» Problem details
Repeat verbatim, and only, the lines of the data below, beginning at the line that contains "Katharina Telschow" and stopping after the line that contains "Женские ножки в носках видео 13".

(Records excerpted from a collection)
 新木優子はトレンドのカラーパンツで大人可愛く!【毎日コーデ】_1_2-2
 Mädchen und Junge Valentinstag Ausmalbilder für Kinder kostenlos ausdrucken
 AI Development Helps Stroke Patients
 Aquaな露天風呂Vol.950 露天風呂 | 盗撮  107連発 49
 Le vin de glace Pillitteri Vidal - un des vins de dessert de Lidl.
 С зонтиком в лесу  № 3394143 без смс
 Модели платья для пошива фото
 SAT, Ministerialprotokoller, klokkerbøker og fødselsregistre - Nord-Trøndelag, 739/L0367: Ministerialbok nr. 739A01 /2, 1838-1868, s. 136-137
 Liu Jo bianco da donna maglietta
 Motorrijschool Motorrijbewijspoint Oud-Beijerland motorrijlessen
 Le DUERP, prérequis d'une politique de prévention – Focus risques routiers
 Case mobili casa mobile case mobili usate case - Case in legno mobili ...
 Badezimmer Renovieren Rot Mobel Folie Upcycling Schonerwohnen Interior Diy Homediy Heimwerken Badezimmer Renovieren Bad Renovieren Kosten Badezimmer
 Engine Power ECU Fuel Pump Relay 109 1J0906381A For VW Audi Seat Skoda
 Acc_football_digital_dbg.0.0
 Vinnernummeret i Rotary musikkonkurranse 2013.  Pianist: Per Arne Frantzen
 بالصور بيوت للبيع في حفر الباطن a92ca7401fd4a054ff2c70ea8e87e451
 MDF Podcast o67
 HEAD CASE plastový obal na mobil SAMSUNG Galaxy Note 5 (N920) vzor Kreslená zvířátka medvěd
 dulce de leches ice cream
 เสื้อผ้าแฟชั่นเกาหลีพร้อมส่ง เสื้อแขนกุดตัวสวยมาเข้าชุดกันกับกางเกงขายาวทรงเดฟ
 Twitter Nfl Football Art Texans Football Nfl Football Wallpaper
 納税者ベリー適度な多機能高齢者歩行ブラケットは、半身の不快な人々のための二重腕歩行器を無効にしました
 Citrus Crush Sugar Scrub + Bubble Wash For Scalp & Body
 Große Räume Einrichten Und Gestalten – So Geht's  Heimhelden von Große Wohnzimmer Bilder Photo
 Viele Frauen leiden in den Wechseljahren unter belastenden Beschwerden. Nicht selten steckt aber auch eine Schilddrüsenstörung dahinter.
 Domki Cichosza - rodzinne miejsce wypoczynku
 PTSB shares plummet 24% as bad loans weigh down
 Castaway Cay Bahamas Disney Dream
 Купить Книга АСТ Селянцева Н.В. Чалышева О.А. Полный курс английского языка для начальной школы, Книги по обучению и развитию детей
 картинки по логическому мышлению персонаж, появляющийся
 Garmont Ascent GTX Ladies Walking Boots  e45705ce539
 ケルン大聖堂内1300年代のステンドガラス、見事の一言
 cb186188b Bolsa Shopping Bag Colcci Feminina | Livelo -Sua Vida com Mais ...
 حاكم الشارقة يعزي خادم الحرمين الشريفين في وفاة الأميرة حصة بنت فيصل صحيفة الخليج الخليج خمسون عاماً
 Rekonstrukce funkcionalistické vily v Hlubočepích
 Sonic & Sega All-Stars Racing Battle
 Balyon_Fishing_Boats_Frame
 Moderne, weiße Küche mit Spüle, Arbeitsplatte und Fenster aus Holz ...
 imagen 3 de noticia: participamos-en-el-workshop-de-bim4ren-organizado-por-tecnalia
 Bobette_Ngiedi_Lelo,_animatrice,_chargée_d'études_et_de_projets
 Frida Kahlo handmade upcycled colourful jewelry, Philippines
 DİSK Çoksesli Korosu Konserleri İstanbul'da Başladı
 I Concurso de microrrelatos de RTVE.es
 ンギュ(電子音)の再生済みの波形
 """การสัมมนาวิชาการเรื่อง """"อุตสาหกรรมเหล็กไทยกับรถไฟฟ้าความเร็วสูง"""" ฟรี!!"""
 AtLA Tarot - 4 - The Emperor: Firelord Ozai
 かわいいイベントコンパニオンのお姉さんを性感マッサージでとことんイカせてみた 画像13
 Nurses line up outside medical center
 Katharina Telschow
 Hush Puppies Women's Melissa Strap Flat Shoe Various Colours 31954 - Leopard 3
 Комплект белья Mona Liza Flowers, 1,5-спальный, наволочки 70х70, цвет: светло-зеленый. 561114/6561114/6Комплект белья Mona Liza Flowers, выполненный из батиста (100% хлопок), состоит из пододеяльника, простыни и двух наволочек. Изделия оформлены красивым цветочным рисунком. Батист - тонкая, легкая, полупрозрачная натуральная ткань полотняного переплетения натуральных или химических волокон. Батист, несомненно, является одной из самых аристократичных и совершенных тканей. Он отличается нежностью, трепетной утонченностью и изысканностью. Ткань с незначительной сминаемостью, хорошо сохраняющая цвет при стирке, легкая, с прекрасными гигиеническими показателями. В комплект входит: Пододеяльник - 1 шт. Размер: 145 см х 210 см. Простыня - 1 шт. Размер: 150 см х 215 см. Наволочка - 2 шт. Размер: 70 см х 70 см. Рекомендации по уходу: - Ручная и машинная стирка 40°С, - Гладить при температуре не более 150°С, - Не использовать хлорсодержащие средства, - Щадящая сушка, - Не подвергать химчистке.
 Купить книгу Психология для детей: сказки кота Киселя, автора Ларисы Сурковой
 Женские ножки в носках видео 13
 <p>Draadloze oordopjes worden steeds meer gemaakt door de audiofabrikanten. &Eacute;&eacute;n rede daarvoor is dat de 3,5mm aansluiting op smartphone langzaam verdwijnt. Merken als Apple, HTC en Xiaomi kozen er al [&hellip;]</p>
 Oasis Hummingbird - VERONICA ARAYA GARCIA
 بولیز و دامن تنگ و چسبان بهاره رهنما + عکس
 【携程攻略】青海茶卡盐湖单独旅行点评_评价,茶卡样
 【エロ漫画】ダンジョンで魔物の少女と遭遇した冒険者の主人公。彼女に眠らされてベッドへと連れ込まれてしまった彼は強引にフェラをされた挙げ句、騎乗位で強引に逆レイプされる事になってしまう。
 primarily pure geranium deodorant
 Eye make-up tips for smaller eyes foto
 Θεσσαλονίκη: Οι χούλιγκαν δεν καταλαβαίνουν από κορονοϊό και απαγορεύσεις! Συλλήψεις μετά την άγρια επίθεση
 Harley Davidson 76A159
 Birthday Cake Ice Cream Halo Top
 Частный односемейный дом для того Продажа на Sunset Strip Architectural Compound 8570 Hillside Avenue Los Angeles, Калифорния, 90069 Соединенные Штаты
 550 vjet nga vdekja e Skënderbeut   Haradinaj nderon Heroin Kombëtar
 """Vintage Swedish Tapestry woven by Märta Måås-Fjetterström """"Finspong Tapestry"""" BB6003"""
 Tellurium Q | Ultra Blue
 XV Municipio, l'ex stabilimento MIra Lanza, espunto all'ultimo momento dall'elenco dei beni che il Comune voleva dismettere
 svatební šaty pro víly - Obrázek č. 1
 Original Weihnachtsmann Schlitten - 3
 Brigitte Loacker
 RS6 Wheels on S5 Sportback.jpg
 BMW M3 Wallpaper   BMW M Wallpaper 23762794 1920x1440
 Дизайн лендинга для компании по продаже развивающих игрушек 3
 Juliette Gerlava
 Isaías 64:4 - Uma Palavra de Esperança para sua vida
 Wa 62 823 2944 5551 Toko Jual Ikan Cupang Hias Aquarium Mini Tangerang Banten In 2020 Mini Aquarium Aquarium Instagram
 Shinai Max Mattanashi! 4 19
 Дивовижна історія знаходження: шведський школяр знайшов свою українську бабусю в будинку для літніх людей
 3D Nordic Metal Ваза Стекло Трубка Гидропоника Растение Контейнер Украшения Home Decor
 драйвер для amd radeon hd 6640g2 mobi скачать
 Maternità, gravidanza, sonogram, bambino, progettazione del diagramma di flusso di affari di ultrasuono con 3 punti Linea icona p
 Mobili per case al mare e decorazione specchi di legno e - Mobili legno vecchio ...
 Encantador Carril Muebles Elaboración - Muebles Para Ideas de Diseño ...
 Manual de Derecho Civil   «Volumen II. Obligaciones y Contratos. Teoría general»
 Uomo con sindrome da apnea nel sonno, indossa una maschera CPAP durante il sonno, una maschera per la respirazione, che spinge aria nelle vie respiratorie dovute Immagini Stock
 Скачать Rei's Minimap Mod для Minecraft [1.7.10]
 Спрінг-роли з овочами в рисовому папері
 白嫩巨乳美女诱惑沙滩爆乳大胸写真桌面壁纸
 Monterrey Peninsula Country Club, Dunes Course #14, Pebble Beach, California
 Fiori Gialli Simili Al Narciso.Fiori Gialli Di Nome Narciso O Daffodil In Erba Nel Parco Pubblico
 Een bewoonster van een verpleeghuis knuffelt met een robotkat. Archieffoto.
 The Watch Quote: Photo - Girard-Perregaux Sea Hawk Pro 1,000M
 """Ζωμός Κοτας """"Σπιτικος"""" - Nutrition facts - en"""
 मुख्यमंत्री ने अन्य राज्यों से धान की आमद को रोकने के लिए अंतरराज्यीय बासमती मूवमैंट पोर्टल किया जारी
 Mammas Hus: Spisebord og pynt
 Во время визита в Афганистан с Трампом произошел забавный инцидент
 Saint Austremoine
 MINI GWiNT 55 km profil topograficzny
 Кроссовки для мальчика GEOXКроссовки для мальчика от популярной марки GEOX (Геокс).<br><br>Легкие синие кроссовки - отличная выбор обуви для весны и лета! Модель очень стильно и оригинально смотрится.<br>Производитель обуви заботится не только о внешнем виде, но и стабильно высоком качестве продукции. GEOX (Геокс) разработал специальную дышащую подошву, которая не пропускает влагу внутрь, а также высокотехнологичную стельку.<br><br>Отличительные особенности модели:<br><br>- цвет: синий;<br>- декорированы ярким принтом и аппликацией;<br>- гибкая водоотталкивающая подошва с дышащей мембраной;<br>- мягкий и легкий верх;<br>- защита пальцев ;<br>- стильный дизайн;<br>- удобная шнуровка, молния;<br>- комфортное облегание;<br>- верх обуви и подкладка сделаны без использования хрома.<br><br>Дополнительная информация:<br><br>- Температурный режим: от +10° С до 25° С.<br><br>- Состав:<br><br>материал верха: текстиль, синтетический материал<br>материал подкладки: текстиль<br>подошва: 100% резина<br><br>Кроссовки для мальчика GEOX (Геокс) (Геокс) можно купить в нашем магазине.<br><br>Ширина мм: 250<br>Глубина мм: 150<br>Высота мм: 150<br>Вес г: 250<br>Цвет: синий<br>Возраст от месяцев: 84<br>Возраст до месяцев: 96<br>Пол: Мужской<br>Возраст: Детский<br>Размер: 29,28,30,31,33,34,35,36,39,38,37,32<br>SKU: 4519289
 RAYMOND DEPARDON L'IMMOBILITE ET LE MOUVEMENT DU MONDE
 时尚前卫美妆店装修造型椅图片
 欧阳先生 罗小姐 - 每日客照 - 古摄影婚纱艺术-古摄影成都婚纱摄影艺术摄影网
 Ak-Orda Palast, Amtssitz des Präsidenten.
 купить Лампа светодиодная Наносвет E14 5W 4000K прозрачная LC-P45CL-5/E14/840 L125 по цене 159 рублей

» Response
 Katharina Telschow
 Hush Puppies Women's Melissa Strap Flat Shoe Various Colours 31954 - Leopard 3
 Комплект белья Mona Liza Flowers, 1,5-спальный, наволочки 70х70, цвет: светло-зеленый. 561114/6561114/6Комплект белья Mona Liza Flowers, выполненный из батиста (100% хлопок), состоит из пододеяльника, простыни и двух наволочек. Изделия оформлены красивым цветочным рисунком. Батист - тонкая, легкая, полупрозрачная натуральная ткань полотняного переплетения натуральных или химических волокон. Батист, несомненно, является одной из самых аристократичных и совершенных тканей. Он отличается нежностью, трепетной утонченностью и изысканностью. Ткань с незначительной сминаемостью, хорошо сохраняющая цвет при стирке, легкая, с прекрасными гигиеническими показателями. В комплект входит: Пододеяльник - 1 шт. Размер: 145 см х 210 см. Простыня - 1 шт. Размер: 150 см х 215 см. Наволочка - 2 шт. Размер: 70 см х 70 см. Рекомендации по уходу: - Ручная и машинная стирка 40°С, - Гладить при температуре не более 150°С, - Не использовать хлорсодержащие средства, - Щадящая сушка, - Не подвергать химчистке.
 Купить книгу Психология для детей: сказки кота Киселя, автора Ларисы Сурковой
 Женские ножки в носках видео 13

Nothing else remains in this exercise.